La terre des Cyclopes
5/12Là où Ulysse perd six hommes et aveugle Polyphème. Deux traditions la situent sur des côtes volcaniques — la Sicile et la Campanie — et le poème ne la situe nulle part en particulier, de manière délibérée.
Éolie
5/12L'île flottante d'Éole, le gardien des vents, dont les compagnons d'Ulysse ouvrent le présent alors qu'Ithaque est en vue. Les îles Éoliennes en portent le nom — ce qui témoigne de la dation des noms chez les Grecs, non du poème.
Lestrygonie (Télépyle)
6/12Là où Ulysse perd onze de ses douze navires en un seul après-midi. Le port est le mouillage décrit avec la plus grande précision dans le poème, et personne ne peut prouver de quel endroit il s'agit.
Ééa
5/12L'île de Circé, où l'équipage est transformé en porcs et où l'on indique à Ulysse comment rejoindre le royaume des morts. La tradition romaine la situait sur un promontoire qui ressemble seulement à une île.
L'île des Sirènes
4/12Deux chanteuses sur une prairie fleurie, entourées des ossements des hommes qui se sont arrêtés pour les écouter.
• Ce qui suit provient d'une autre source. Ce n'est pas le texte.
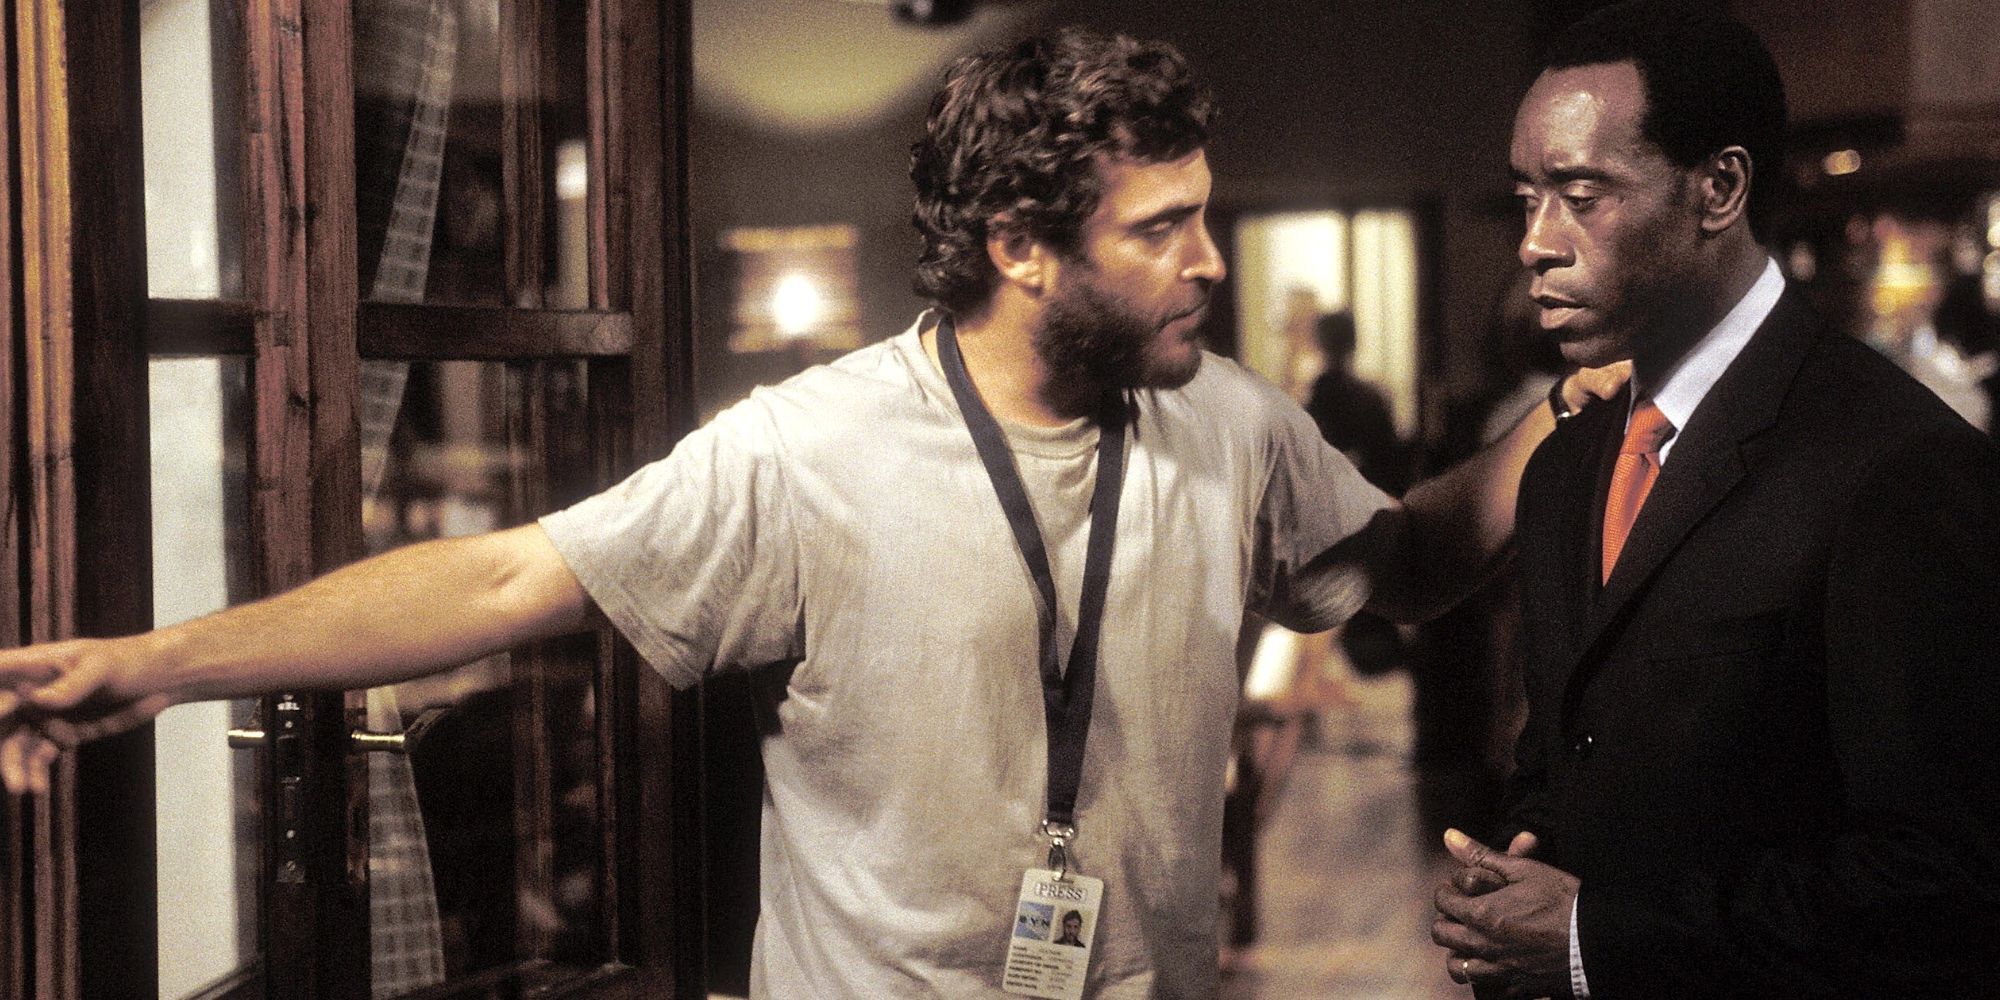 Joaquin Phoenix berdiri di samping Don Cheadle dan mengarahkannya ke depan dengan tangan lainnya di bahunya di Hotel Rwanda
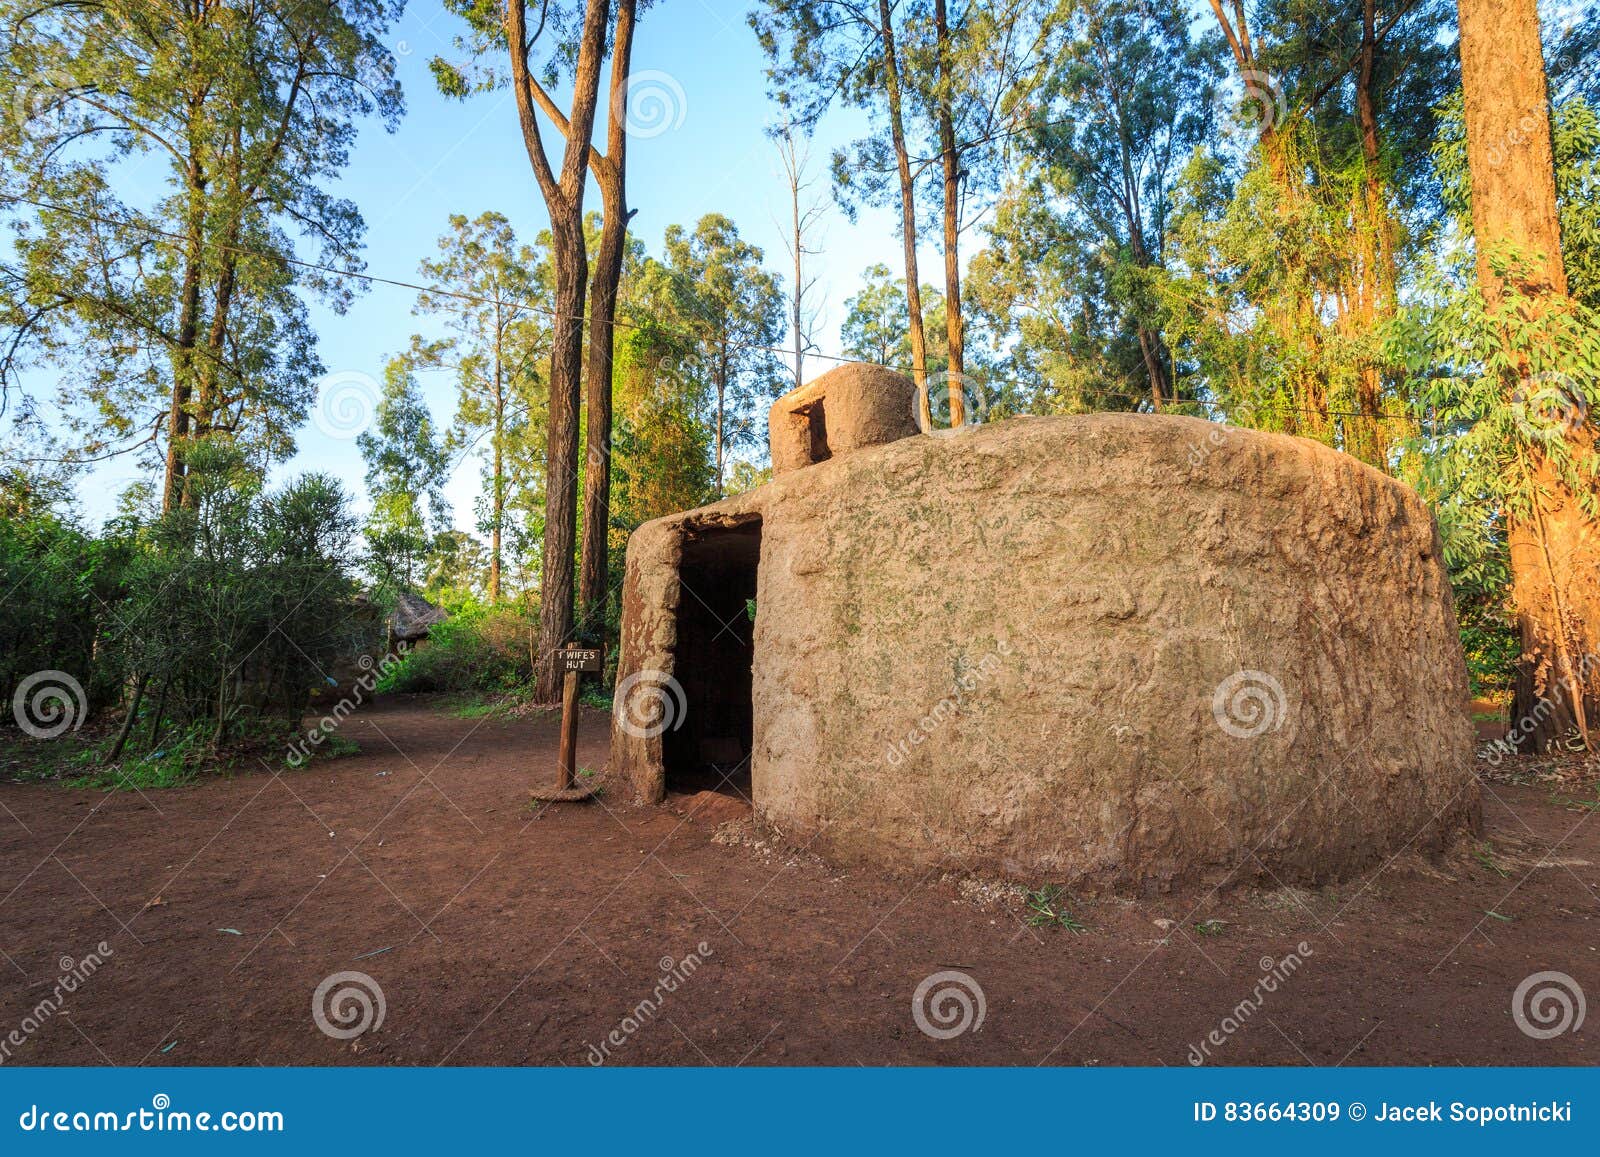 Traditional, Tribal Village of Kenyan People Stock Image - Image of ...

Le poème ne donne aucune coordonnée et une seule consigne de navigation : de la cire dans les oreilles, et attacher le capitaine au mât.
Thrinacie
6/12L'île des troupeaux du Soleil, où l'équipage commet le sacrilège qui causera leur perte à tous. L'Antiquité a assimilé ce nom à la Sicile ; le poème décrit un lieu qu'on ne peut visiter sans péril.
La terre des Lotophages
6/12La première étape après la tempête, et la première tentation : un peuple dont le fruit fait oublier aux visiteurs le chemin du retour. La géographie antique les situait sur la côte libyenne, à Djerba.
Schérie
5/12L'île des Phéaciens, la dernière étape avant le retour et le lieu le plus civilisé du poème — une ville portuaire dotée de remparts, de navires et d'une cour, décrite avec plus de détails sociaux que n'importe quel endroit qu'Ulysse gouverne réellement.
Mythique· 3
Le poème le situe en dehors du monde cartographiable. Aucune tradition externe ne prévaut sur ce fait.
Ogygie
2/12L'île de Calypso, où Ulysse passe sept de ses dix années d'absence. L'Odyssée la situe délibérément nulle part — « le nombril de la mer » — ce qui est précisément la raison pour laquelle ses identifications sont si révélatrices.
La demeure d'Hadès
—Là où Ulysse se rend pour interroger les morts. Le poème donne des instructions de navigation pour y parvenir — et elles mènent au-delà des limites du monde, c'est pourquoi cette entrée ne comporte aucune coordonnée.
Les Roches Errantes
—La route que Circé conseille à Ulysse de ne pas prendre. Elles sont décrites, nommées, puis évitées — le seul lieu du poème qui existe purement comme une alternative.